November 10, 2024 Season after Pentecost
November 10, 2024 Season after Pentecost
St. Mark has Jesus teaching in the temple created by Herod I. Herod was a convert to Judaism who built many magnificent structures, more as a tribute to himself than to the One True G_d. He was a puppet for Rome and relied heavily on the backs and taxes of the Jews to fund his follies. Jesus was warning the hearers to beware of those who offer religious piousness at the expense of the poor, devouring “widows’ houses.” After his teaching, Jesus took a seat across the temple from the treasury where the temple taxes were being collected. He sees the procession of the rich leaving sums of money to keep their places of honor in the temple and therefore in Herod’s kingdom.
Jesus witnesses a widow giving her coins, which she likely needed to buy food for her family. Jesus told his disciples, “Truly I tell you, this poor widow has put in more than all those who are contributing to the treasury. All of them have contributed out of their abundance, but she has put in everything she had, all she had to live on. “The others used religion to gain fame and position, some to take advantage of the powerless. The poor widow gives her all freely, not to gain attention or assume power, but out of a heart filled with gratitude and thanksgiving.

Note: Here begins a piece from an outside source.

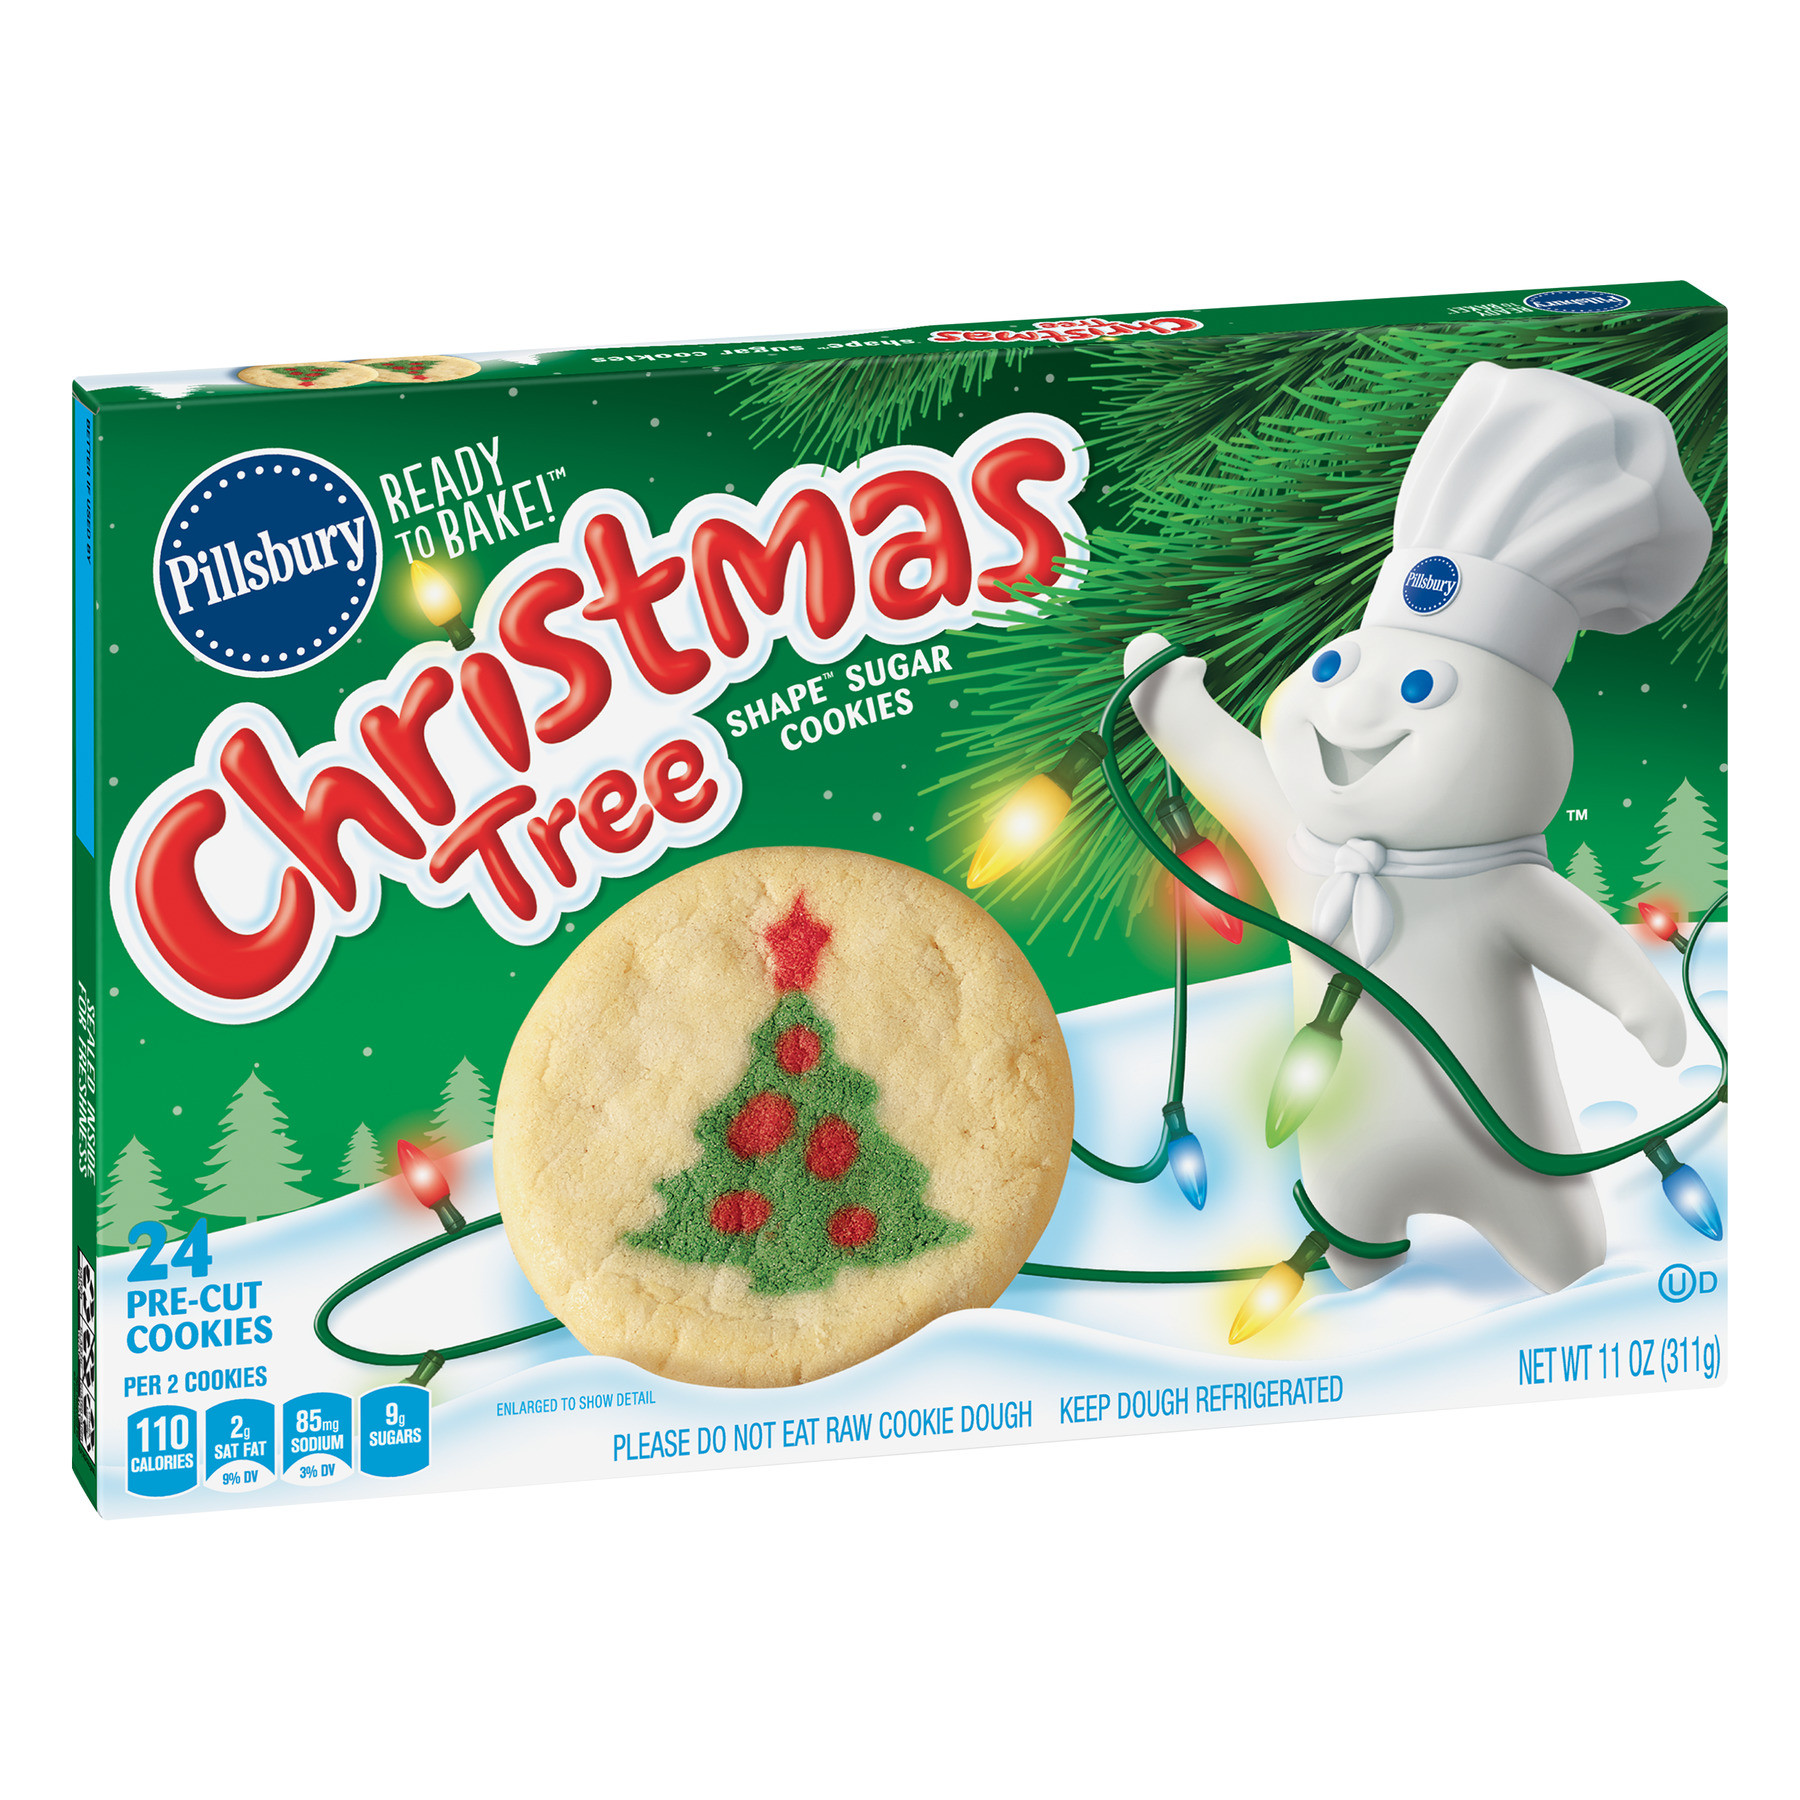 Christmas Cookies Movie 2019
 Pillsbury Ready to Bake Christmas Tree Shape Sugar

In his letter to the Hebrews, St. Paul speaks to the nature of Herod’s temple, “a sanctuary made by human hands, a mere copy of the true one,” and Paul identifies Jesus as the true Temple. Jesus is the structure worthy of awe and devotion, not where we worship, but in whom “we live, and move, and have our being.” In this month of Thanksgiving find time each day to pause in thanksgiving. Whether in your abundance or in your poverty, you are blessed with the presence of the Holy Spirit and G_d’s grace. You are counted as a child of G_d, promised a dwelling in the mansions of the Lord. With gratitude and humility, we must seek to emulate the widow, who gave from love and devotion. Our being a daily thanksgiving from an ordinary life recognizing the extraordinary. A faith generated not from abundance, but from our poverty. We are truly blessed to be able to say, “And here we offer and present unto thee O Lord, ourselves, our souls, and bodies.”